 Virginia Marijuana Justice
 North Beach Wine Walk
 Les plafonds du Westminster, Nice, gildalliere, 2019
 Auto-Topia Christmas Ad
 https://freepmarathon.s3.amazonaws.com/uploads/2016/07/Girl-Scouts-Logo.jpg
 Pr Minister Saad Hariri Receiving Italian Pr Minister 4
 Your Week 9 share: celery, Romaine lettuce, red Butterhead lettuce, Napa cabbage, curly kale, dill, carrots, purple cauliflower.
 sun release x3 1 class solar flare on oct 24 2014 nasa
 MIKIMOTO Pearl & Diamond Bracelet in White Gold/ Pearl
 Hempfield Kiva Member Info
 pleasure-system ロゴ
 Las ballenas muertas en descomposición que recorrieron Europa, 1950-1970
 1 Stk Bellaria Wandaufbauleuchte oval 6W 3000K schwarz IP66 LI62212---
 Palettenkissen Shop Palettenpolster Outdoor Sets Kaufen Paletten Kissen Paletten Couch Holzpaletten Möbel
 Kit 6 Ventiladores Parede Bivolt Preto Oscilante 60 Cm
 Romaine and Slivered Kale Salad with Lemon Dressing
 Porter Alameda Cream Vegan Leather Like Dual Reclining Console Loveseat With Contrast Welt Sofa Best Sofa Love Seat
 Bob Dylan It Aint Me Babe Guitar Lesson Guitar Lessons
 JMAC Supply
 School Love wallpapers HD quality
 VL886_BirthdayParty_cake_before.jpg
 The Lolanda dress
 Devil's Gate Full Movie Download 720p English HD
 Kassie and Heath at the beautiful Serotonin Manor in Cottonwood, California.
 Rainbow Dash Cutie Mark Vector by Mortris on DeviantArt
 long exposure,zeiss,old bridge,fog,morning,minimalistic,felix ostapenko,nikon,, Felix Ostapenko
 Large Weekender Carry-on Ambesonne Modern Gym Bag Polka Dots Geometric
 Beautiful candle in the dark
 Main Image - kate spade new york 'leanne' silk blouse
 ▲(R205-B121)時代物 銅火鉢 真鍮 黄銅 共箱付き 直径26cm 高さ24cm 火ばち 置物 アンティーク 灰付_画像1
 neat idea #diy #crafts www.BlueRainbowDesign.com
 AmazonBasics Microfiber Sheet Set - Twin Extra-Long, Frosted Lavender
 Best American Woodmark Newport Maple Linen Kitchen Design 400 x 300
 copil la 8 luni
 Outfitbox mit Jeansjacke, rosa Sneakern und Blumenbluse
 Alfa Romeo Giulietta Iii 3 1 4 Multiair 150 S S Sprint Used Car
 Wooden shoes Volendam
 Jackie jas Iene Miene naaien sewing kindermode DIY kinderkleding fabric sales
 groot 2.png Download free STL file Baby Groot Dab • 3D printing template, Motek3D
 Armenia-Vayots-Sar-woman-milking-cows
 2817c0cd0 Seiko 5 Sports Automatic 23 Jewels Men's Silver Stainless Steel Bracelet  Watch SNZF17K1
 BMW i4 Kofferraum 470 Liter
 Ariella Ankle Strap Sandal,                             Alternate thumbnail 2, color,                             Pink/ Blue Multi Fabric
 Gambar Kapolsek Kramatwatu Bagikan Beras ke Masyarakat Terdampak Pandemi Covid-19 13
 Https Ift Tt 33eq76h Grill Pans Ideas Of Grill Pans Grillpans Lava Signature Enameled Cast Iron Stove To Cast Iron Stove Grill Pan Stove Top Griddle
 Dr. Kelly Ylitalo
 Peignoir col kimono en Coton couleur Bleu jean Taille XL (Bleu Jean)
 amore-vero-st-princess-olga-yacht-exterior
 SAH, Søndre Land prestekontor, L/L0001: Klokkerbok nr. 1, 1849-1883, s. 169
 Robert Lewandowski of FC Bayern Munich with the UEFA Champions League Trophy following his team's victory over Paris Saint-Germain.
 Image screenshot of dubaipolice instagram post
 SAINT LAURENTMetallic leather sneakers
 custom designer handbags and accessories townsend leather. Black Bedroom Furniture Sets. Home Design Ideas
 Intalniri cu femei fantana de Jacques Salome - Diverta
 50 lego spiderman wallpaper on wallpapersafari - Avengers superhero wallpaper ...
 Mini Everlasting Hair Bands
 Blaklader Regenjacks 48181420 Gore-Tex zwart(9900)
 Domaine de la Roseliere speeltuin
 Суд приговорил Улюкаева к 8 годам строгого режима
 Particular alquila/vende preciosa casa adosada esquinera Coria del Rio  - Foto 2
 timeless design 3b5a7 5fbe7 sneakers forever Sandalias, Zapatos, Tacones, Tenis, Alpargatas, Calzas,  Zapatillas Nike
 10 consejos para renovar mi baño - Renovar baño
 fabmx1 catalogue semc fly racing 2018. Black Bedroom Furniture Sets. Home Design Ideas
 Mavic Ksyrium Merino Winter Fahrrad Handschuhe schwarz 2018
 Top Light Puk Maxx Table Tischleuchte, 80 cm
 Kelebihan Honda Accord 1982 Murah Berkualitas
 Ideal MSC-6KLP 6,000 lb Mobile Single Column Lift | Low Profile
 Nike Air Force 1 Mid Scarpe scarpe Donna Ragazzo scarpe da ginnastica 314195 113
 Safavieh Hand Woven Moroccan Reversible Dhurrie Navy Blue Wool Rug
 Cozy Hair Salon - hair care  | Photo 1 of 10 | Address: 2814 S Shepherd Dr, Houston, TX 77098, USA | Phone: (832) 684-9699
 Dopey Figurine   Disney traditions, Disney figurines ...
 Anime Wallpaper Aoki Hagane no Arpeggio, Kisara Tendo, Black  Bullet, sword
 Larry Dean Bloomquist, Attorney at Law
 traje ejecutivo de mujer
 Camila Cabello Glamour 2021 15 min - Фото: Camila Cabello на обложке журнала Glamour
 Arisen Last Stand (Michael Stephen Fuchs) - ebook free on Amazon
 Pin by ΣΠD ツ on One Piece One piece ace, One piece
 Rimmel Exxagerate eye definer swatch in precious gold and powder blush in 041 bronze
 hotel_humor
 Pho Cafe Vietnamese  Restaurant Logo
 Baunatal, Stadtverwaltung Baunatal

########################################

### WHAT YOU HAVE TO DO
Begin at the first line of the entries above and copy every line exactly, ending with the line that contains "Las ballenas muertas".

### TASK OUTPUT
 Virginia Marijuana Justice
 North Beach Wine Walk
 Les plafonds du Westminster, Nice, gildalliere, 2019
 Auto-Topia Christmas Ad
 https://freepmarathon.s3.amazonaws.com/uploads/2016/07/Girl-Scouts-Logo.jpg
 Pr Minister Saad Hariri Receiving Italian Pr Minister 4
 Your Week 9 share: celery, Romaine lettuce, red Butterhead lettuce, Napa cabbage, curly kale, dill, carrots, purple cauliflower.
 sun release x3 1 class solar flare on oct 24 2014 nasa
 MIKIMOTO Pearl & Diamond Bracelet in White Gold/ Pearl
 Hempfield Kiva Member Info
 pleasure-system ロゴ
 Las ballenas muertas en descomposición que recorrieron Europa, 1950-1970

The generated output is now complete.